(What the task asks) From the line that holds "Paar laesst Drachen" down to the last line of the listing below, reproduce each line exactly and nothing more, omitting pictures.

(Data shown)
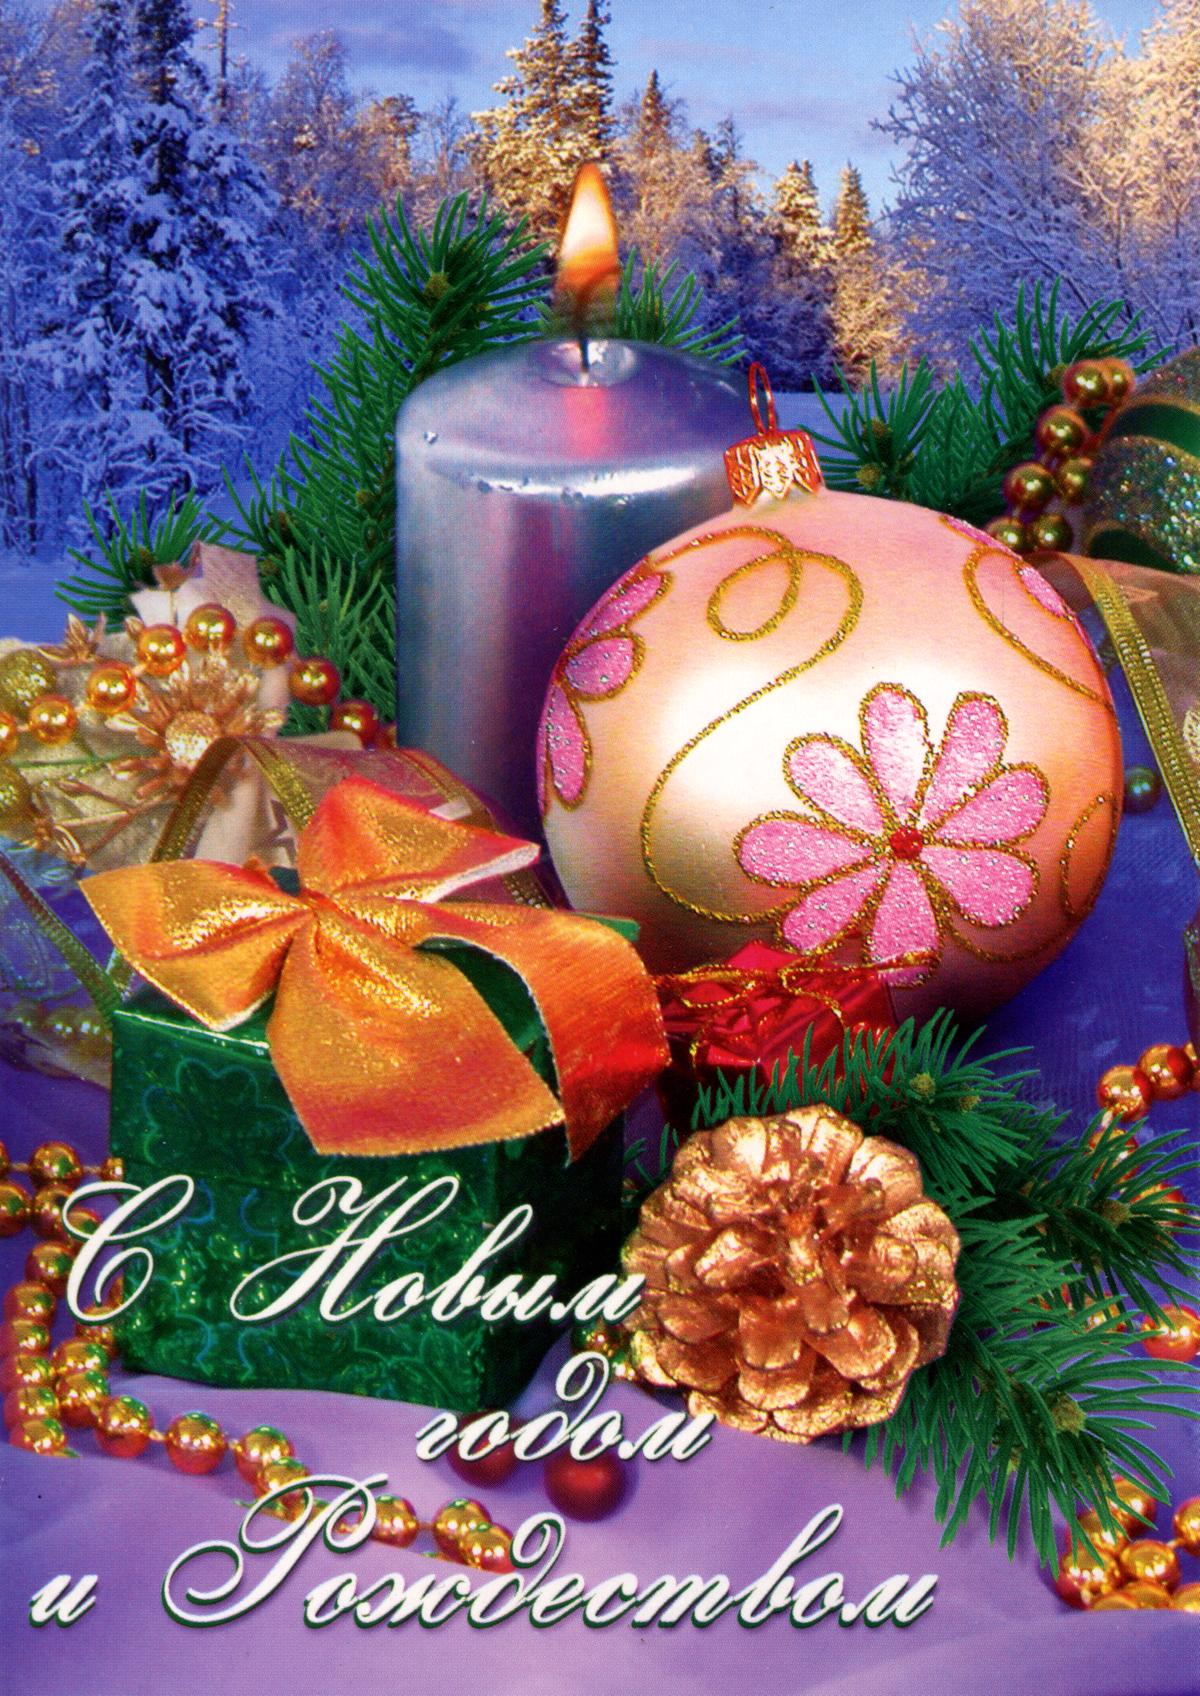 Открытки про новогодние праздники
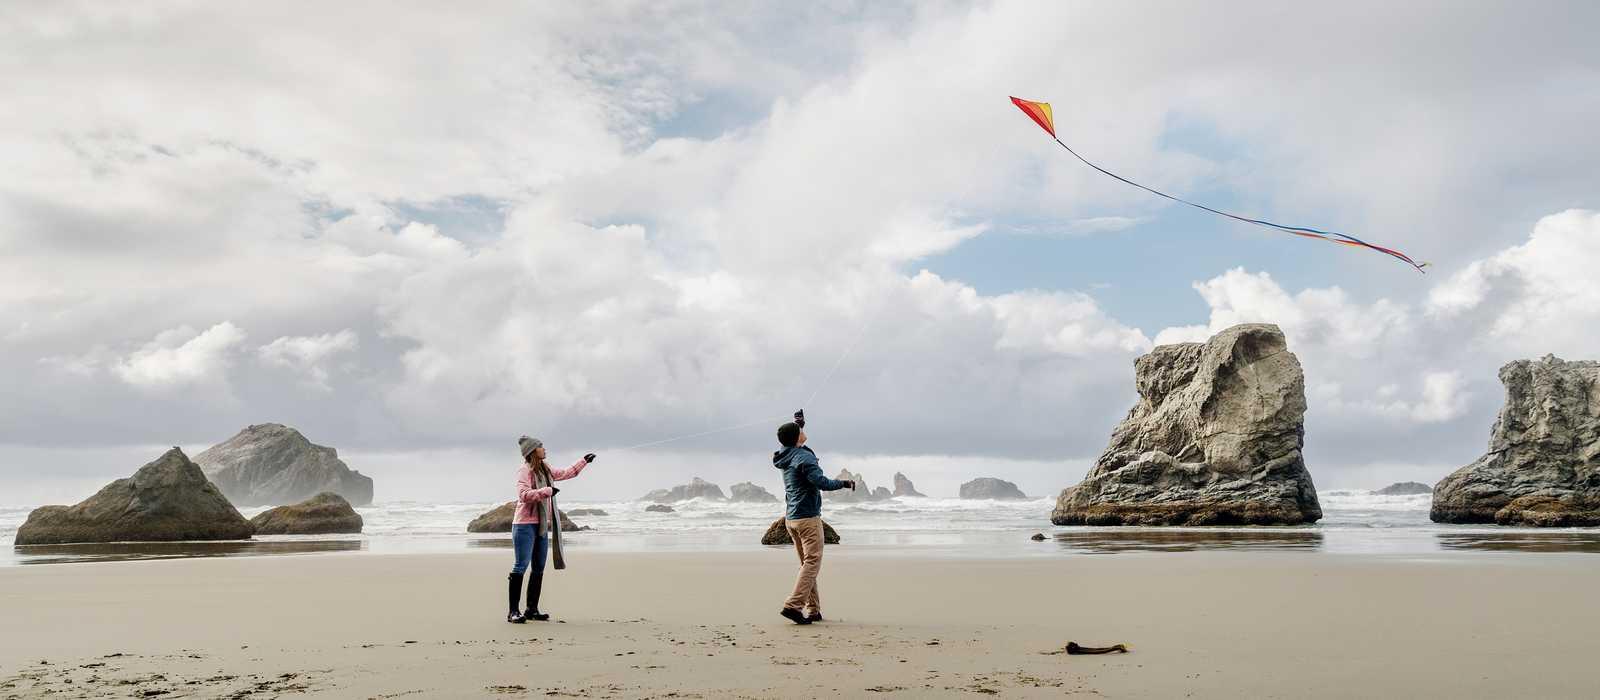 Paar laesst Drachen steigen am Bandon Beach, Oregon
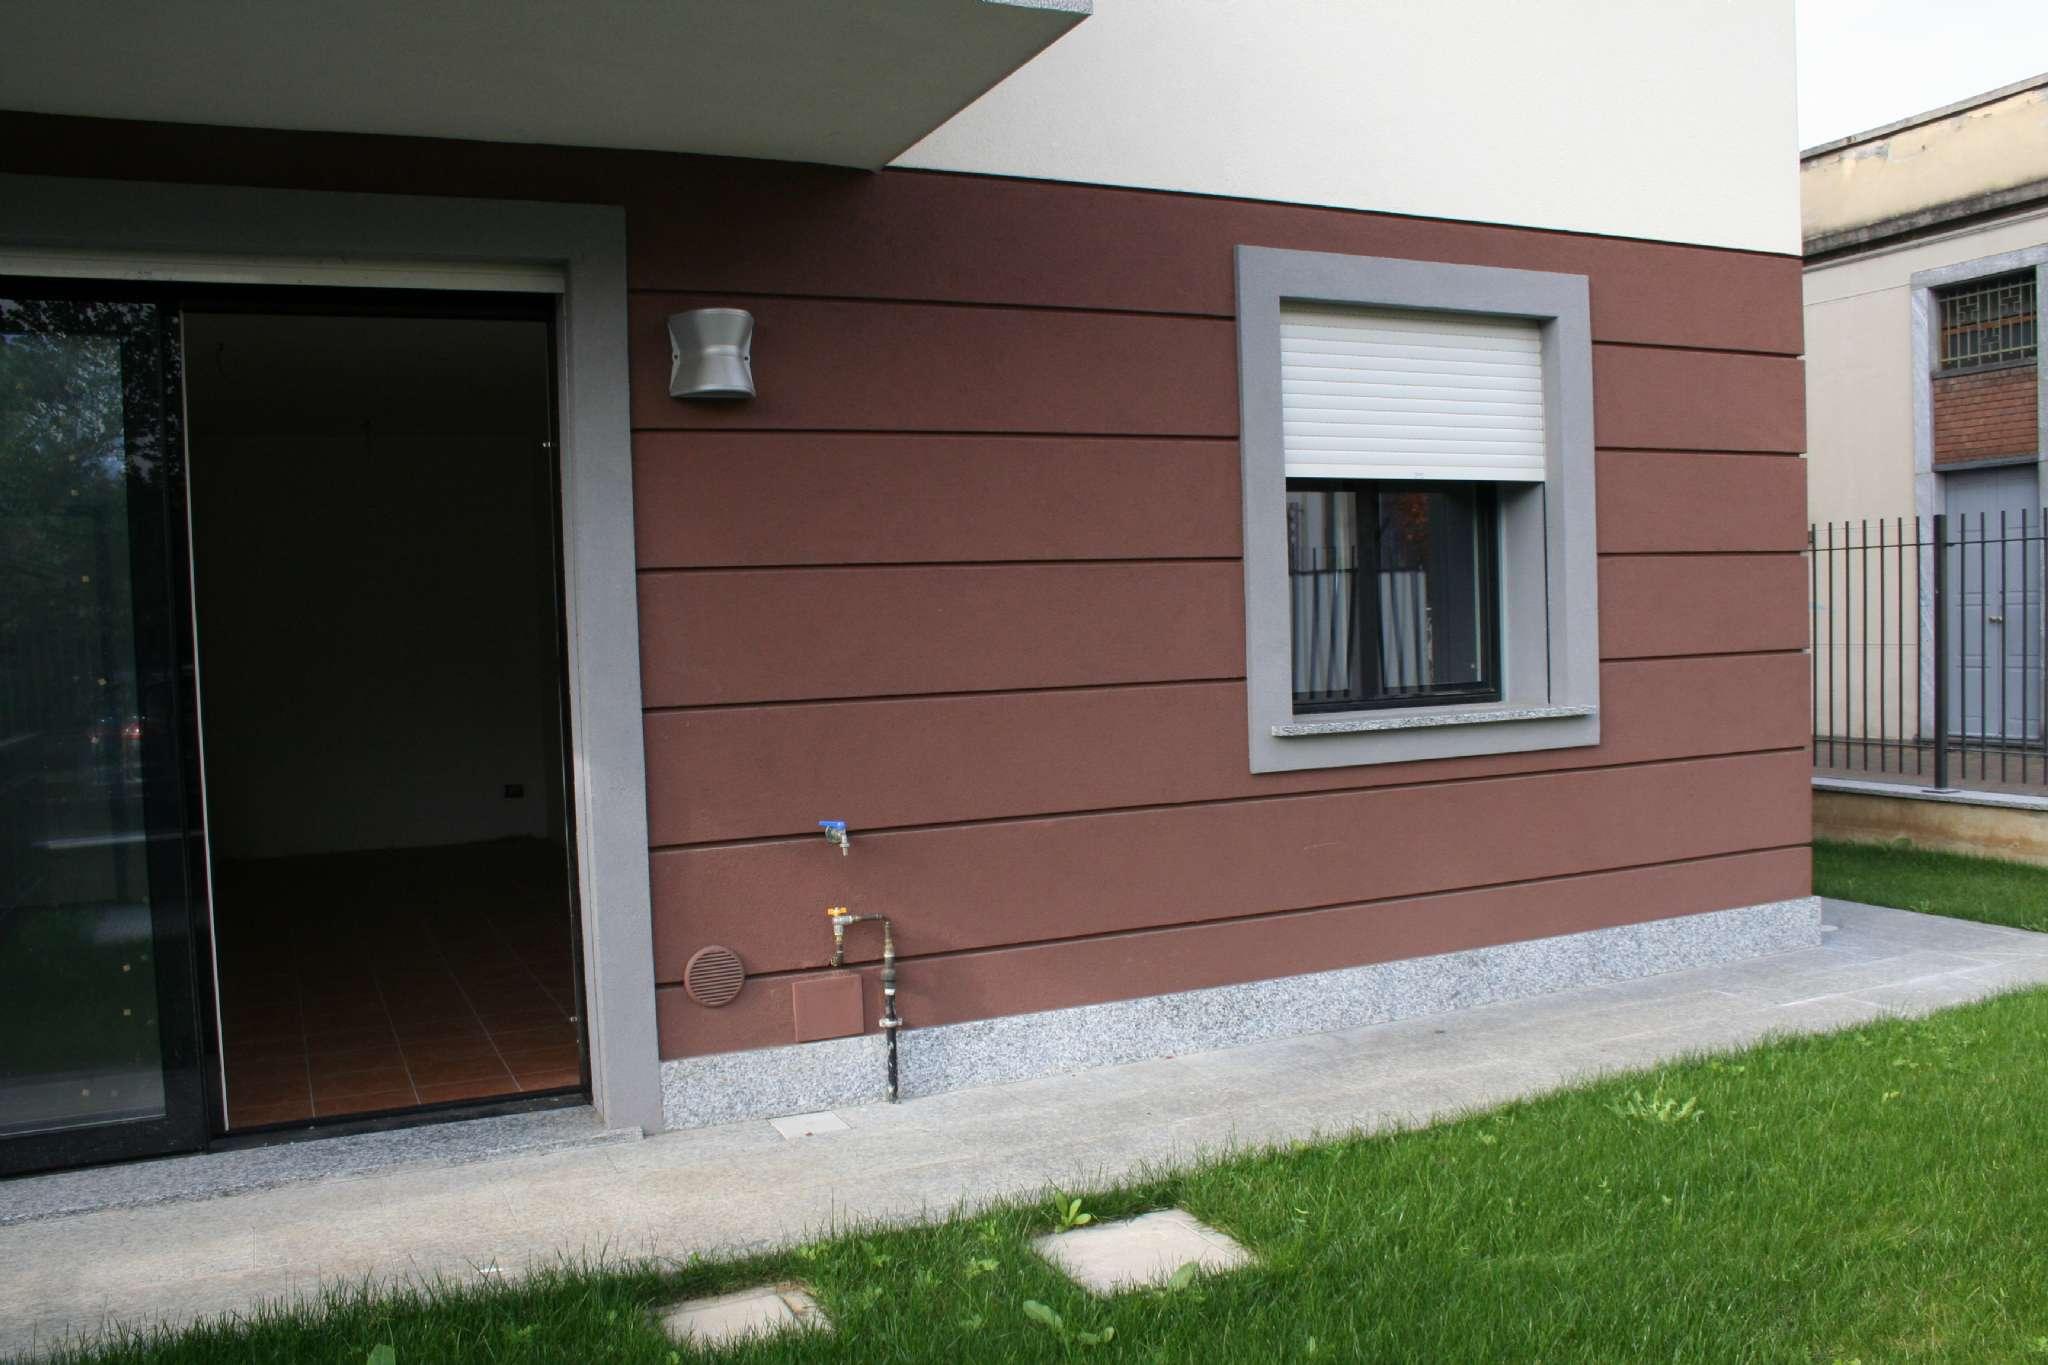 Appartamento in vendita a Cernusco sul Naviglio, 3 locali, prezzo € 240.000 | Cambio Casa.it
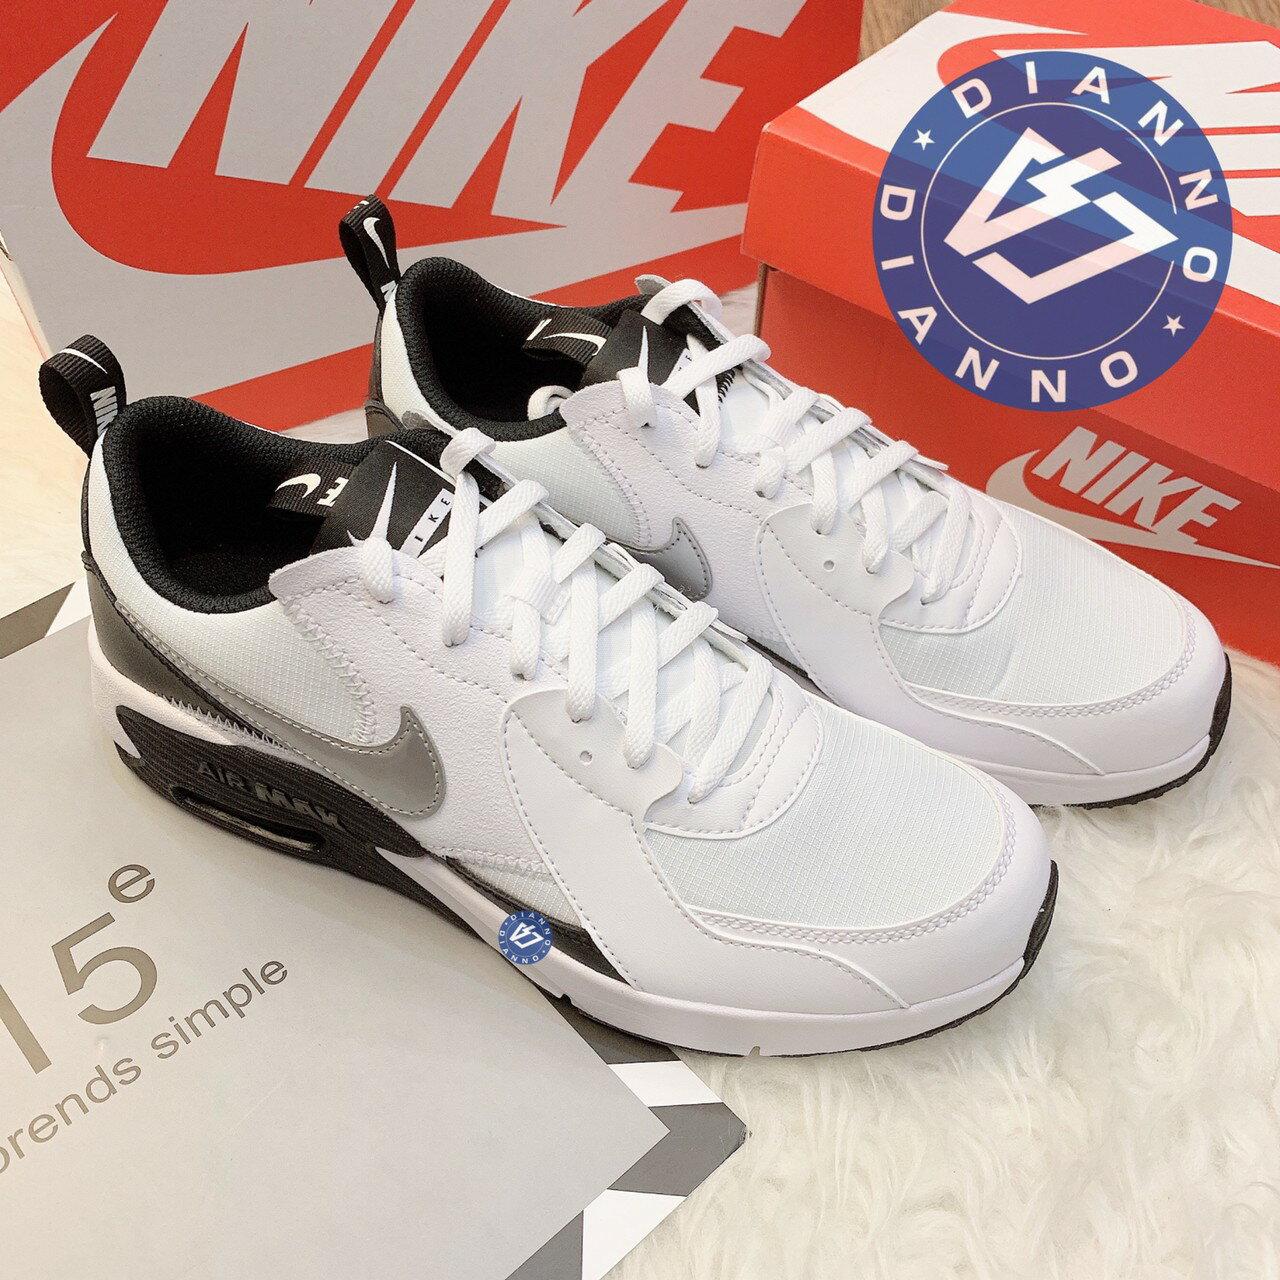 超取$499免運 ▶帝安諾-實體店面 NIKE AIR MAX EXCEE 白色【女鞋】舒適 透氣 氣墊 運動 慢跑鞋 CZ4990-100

(Exercise result)
 Paar laesst Drachen steigen am Bandon Beach, Oregon
 Appartamento in vendita a Cernusco sul Naviglio, 3 locali, prezzo € 240.000 | Cambio Casa.it
 超取$499免運 ▶帝安諾-實體店面 NIKE AIR MAX EXCEE 白色【女鞋】舒適 透氣 氣墊 運動 慢跑鞋 CZ4990-100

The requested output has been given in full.